Apalagi mendengar bahwa pohon-pohon kurma mereka ditebangi serta ladang-landang kesayangan mereka habis dibakar. Maka semakin putus asalah mereka, karena mereka yakin sumber rejeki mereka akan terputus selamanya.
Disitulah Bani Nadhir mulai khawatir, takut dan cemas. Mereka pun melancarkan protes kepada Nabi SAW.
يَا مُحَمّد قَدْ كُنْتَ تَنْهَى عَنِ الفَسَادِ وَ تُعِيْبُهُ عَلىَ مَنْ يَفْعَلُهُ . فَماَ بَالُ قَطْع النَّخِيلِ وَتَخْرِيْبِهَا؟
Ya Muhammad, Anda sendiri yang dulunya mencegah pengerusakan serta menyalahkan orang yang melakukannya. Lalu kenapa sekarang Anda sendiri yang menebang pohon kurma serta membakarnya?
Memang Yahudi itu pintar diplomasi dan berdebat, kali ini mereka menggunakan logika yang diputar-balik, dengan cara mengutip perkataan Nabi SAW sebelumnya, dimana Islam melarang menebang pohon dan membakarnya. Dengan cara itu mereka berharap tekanan kepada mereka jadi berkurang.
Gelombang Ketiga : Bani Quraidhah
Yahudi Bani Quraidhah boleh dibilang yang paling apes dari semua kelompok Yahudi. Pengkhianatan mereka yang melahirkan Perang Khandaq di tahun kelima hijiryah berbuah amat menyakitkan. Mereka dihukum mati, tidak kurang dari sembilan ratus orang Bani Quraidhah dipenggal kepalanya dan dimasukkan ke dalam parit yang sudah disiapkan sebelumnya. Dalam riwayat lain dikatakan bahwa jumlah mereka sekitar 600 (enam ratus) orang.

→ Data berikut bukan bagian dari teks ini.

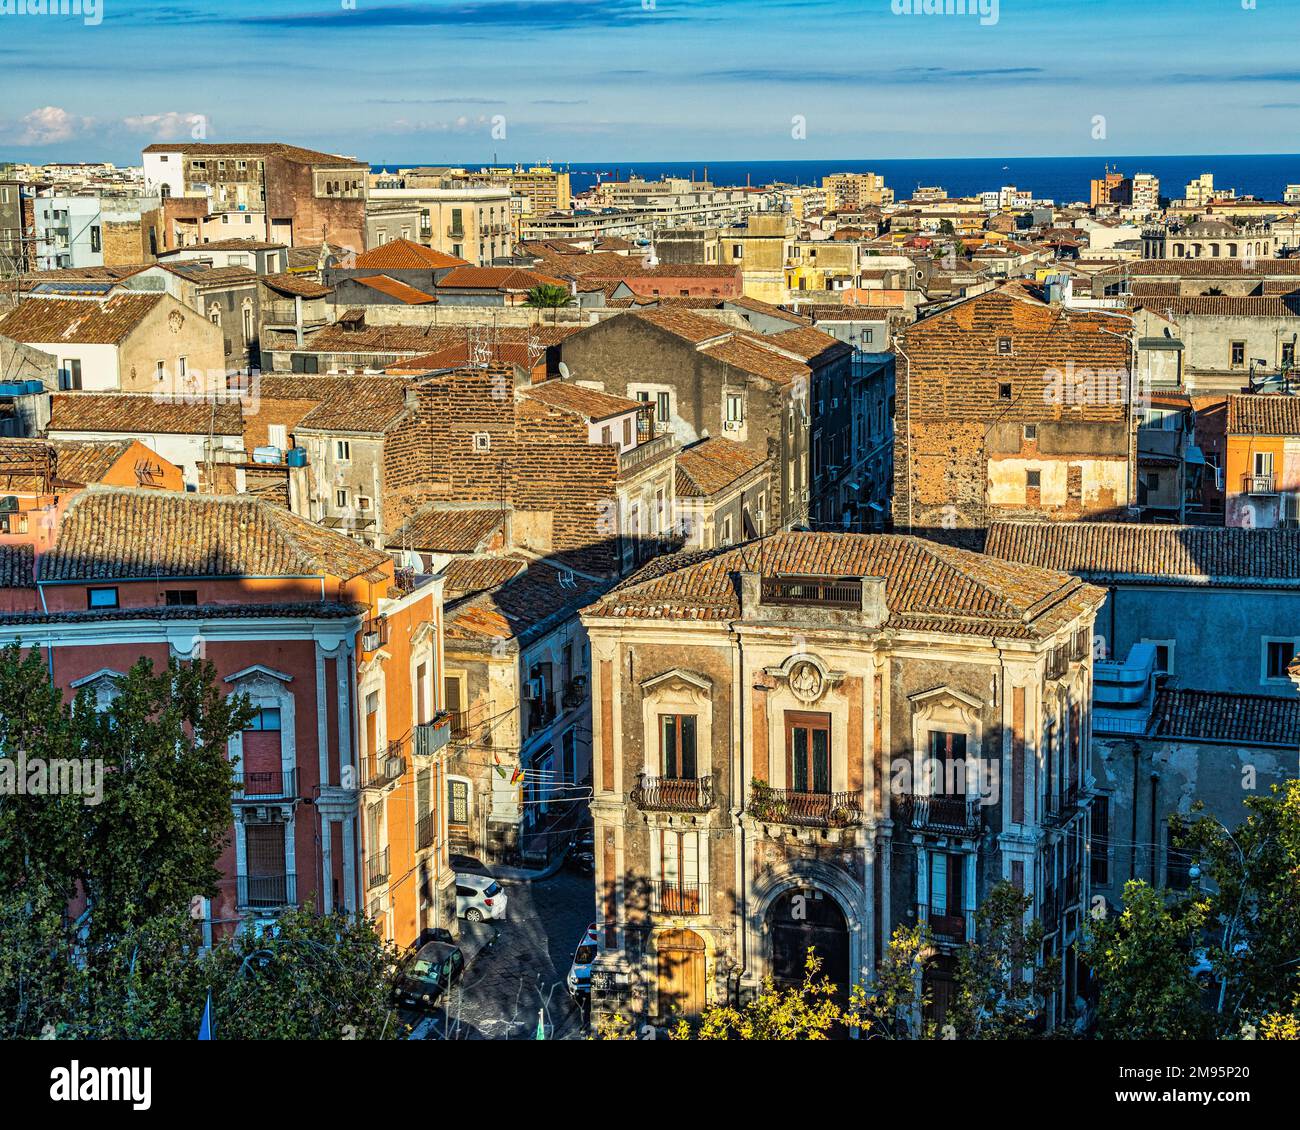 Vue aérienne de la ville de Catane et de son port commercial. Catane, Sicile, Italie, Europe Banque D'Images

Ibnu Ishaq meriwayatkan sebagaimana dituturkan Ibnu Hisyam, bahwa semua laki-laki Bani Quraizhah diperintahkan masuk ke dalam lubang-lubang di tanah yang sudah digalilah sebelumnya. Satu per satu mereka digiring ke sana untuk dipenggal kepalanya dan langsung dipendam saat itu juga.
Gelombang Keempat : Yahudi Khaibar
Di tahun ketujuh Nabi SAW dan para shahabat berhasil membuat Yahudi Khaibar bertekut lutut. Kebun-kebun kurma mereka yang selama ini menjadi sumber kekuatan dana yang tidak ada habis-habisnya berhasil dikuasai oleh pihak kaum musilmin.
Khaibar adalah suatu daerah yang subur yang dikelilingi oleh benteng-benteng kaum Yahudi. Benteng tersebut merupakan benteng pertahanan eksistensi kaum yahudi terakhir di Jazirah Arabiah.
Awalnya, orang-orang yahudi Khaibar tidak memperlihatkan permusuhan terhadap kaum Muslimin, sampai pemuka Bani Nadhir bergabung dengan mereka setelah terusir dari Madinah. Mereka bergabung di Khaibar dengan membawa kebencian terhadap kaum Muslimim. Secara teknis, ketika sumber dana mereka dikuasai, habislah kekuatan Yahudi di Madinah untuk seterusnya.